WHAT TO PRODUCE:
Your task is to copy exactly the lines from the line containing "Voci di corridoio: Huawei" through the end of the listing below, with pictures left out.

SUPPLIED MATERIAL:
□ □ □ □ □

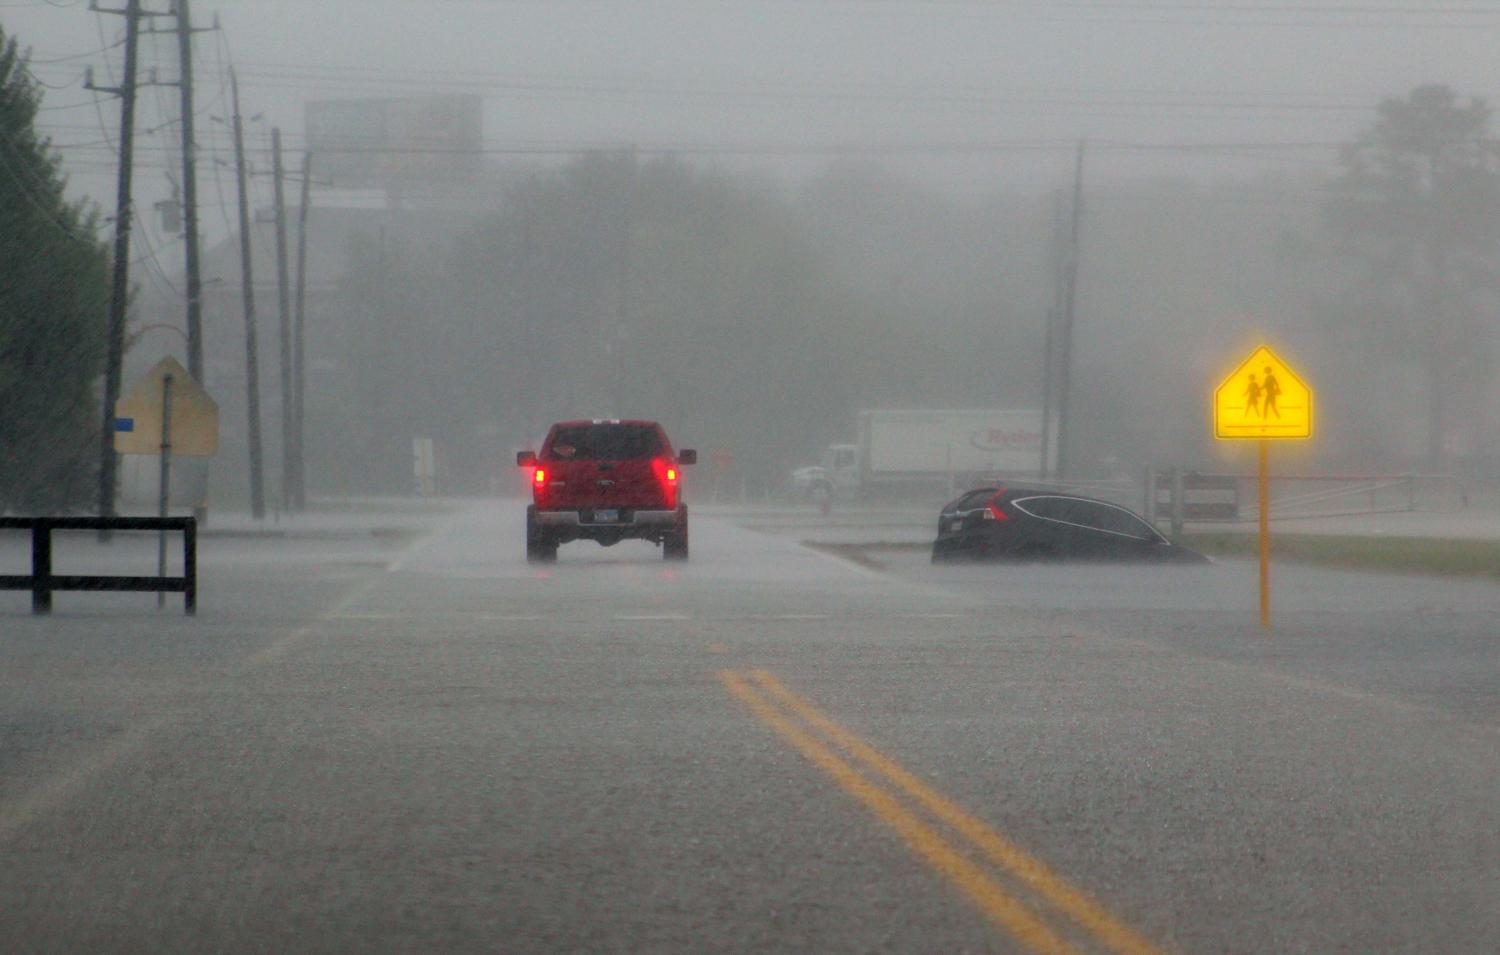 A car drives through the rain while the street floods.

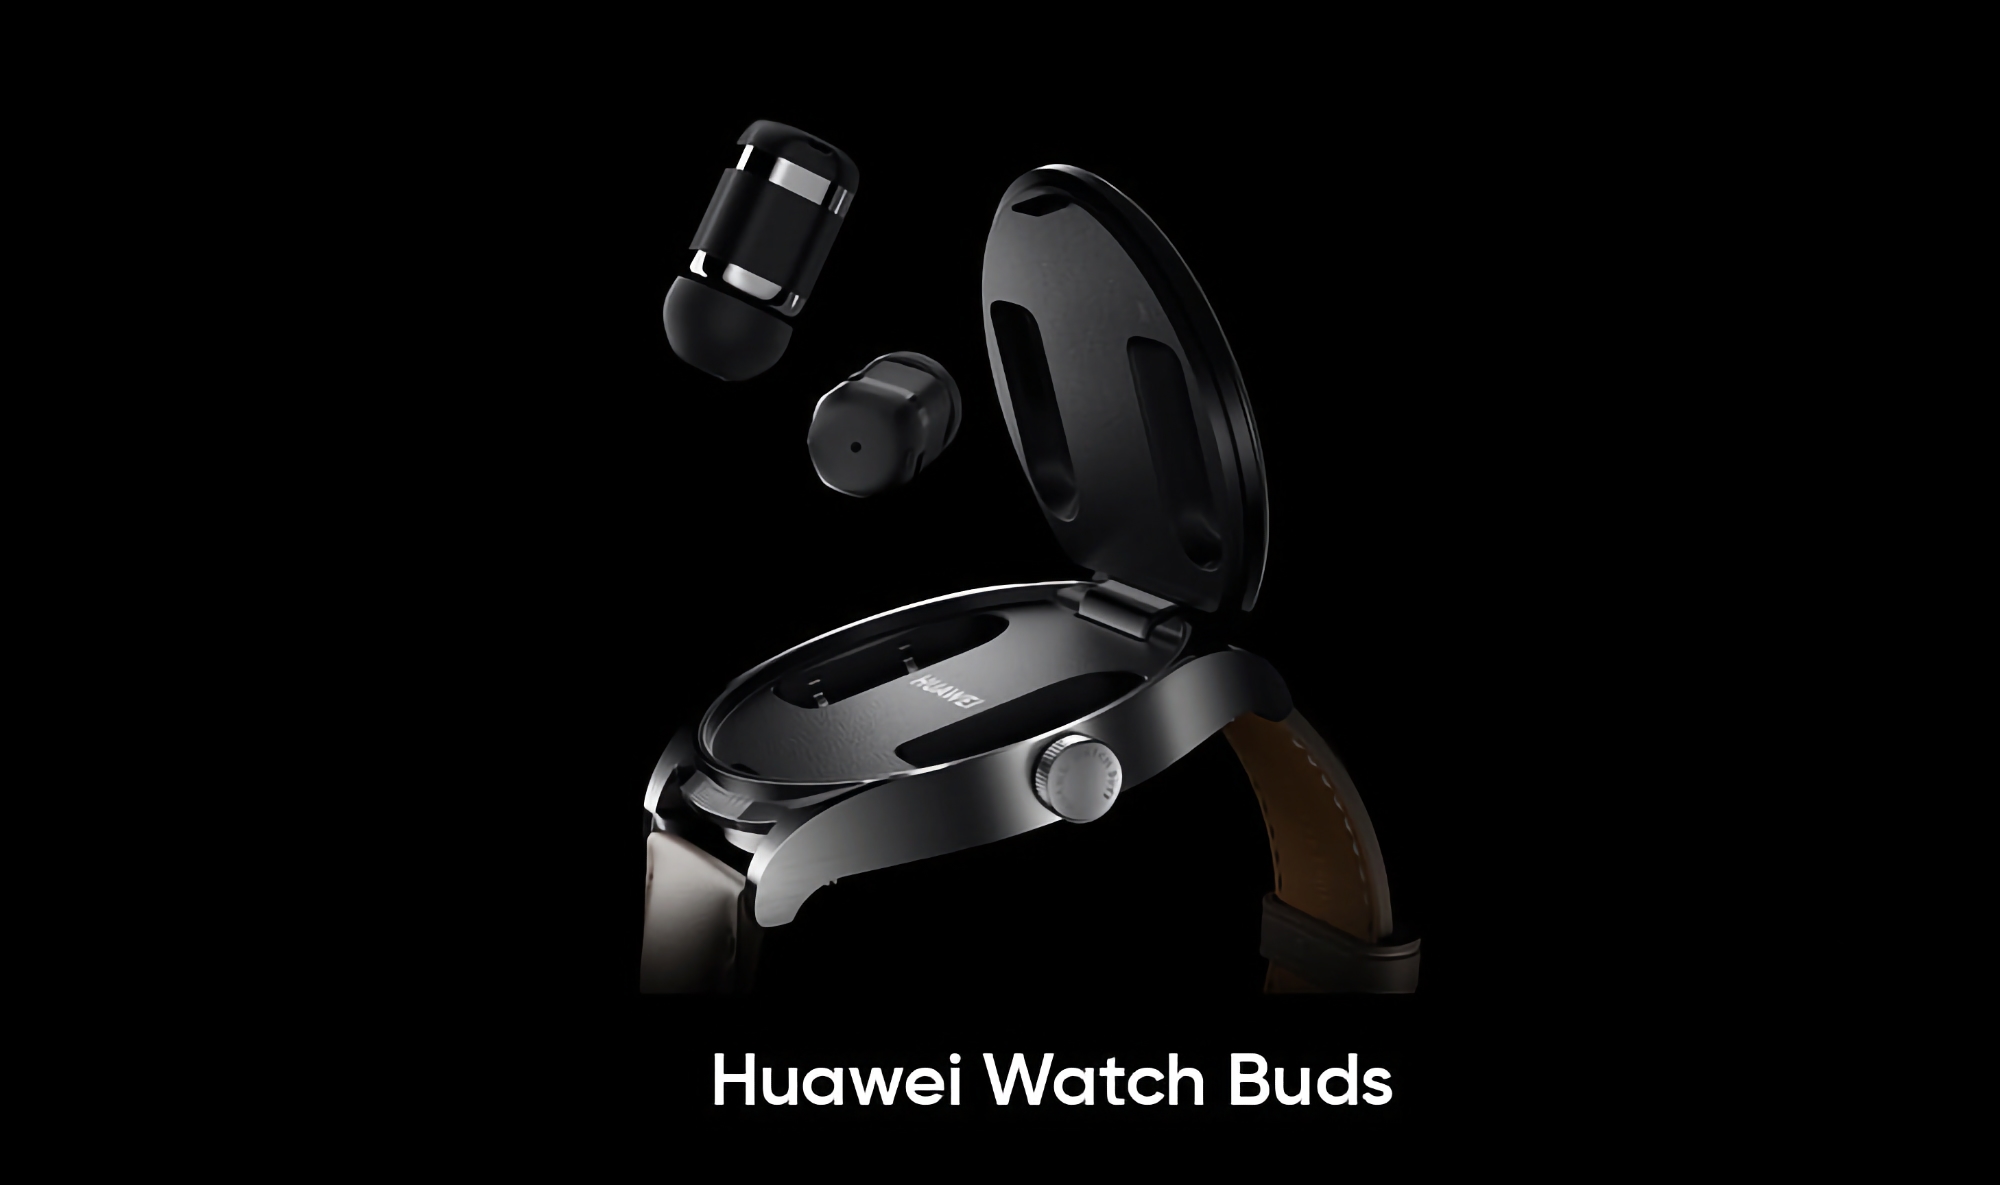 Voci di corridoio: Huawei Watch Buds con schermo AMOLED, sensore SpO2 e cuffie integrate sarà lanciato a livello globale
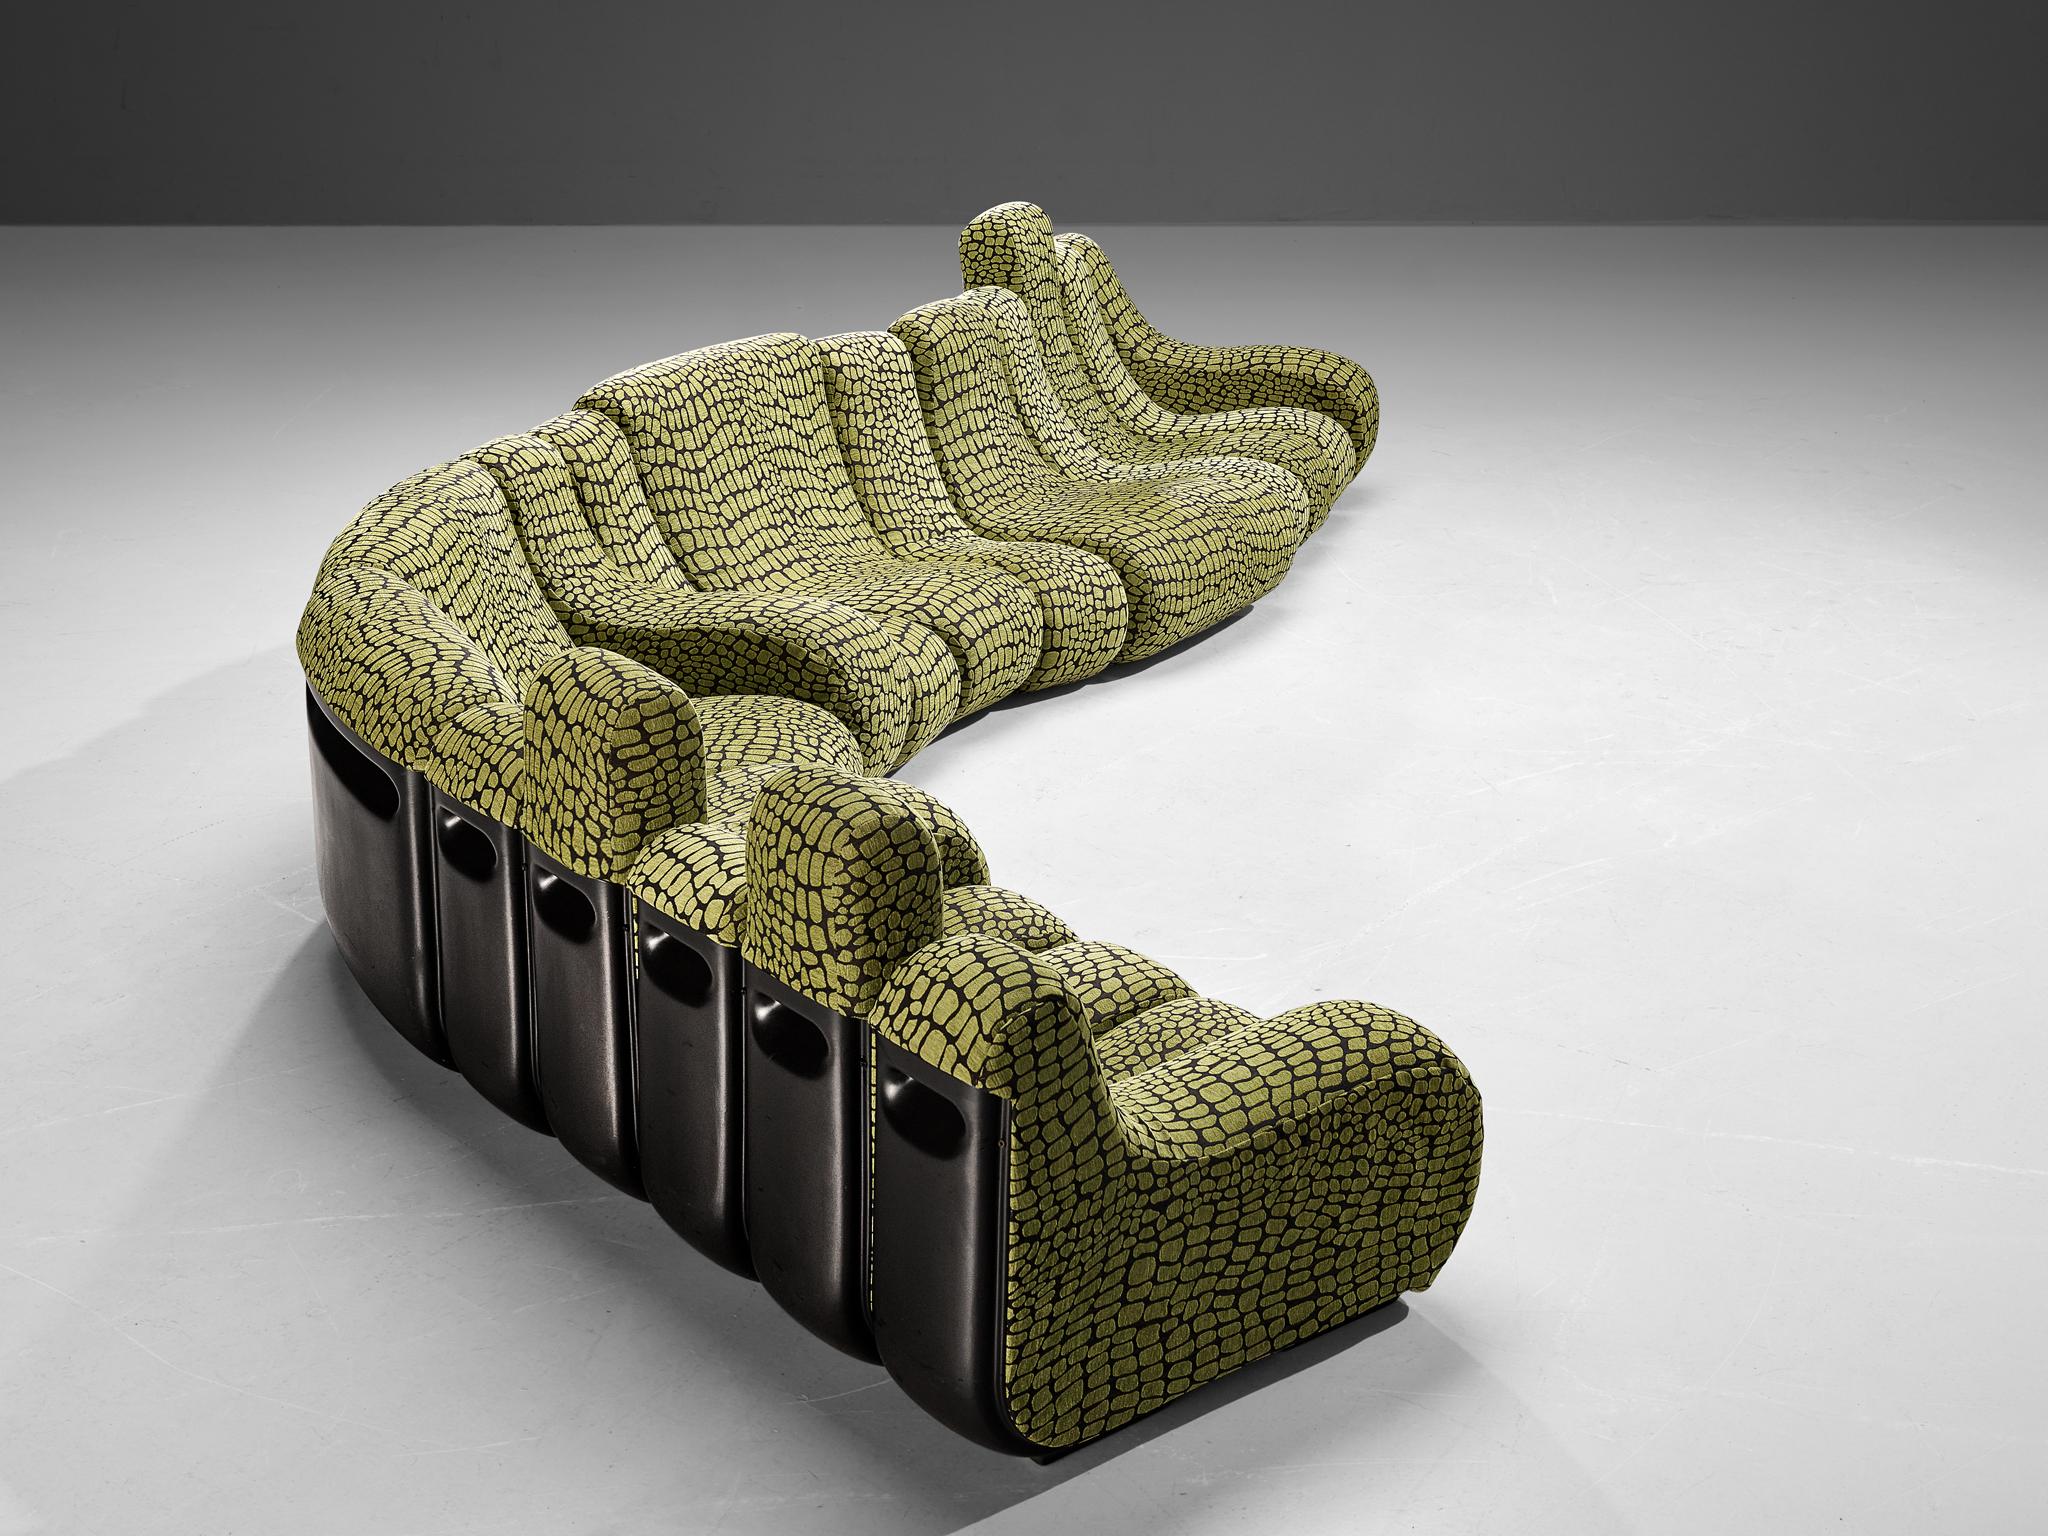 Burkhard Vogtherr für Rosenthal, Modell 'Vario Pillo', modulares Sofa, Deutschland, 1970er Jahre

Dieses üppige baubare Sofa ist ein Entwurf von Burkhard Vogtherr. Eine sehr seltene Art von modularem Sofa mit erstaunlichem schwarzem und grünem

□ □ □ □ □

SOLVED EXERCISE:
 Voci di corridoio: Huawei Watch Buds con schermo AMOLED, sensore SpO2 e cuffie integrate sarà lanciato a livello globale
 Burkhard Vogtherr für Rosenthal, Modell 'Vario Pillo', modulares Sofa, Deutschland, 1970er Jahre

Dieses üppige baubare Sofa ist ein Entwurf von Burkhard Vogtherr. Eine sehr seltene Art von modularem Sofa mit erstaunlichem schwarzem und grünem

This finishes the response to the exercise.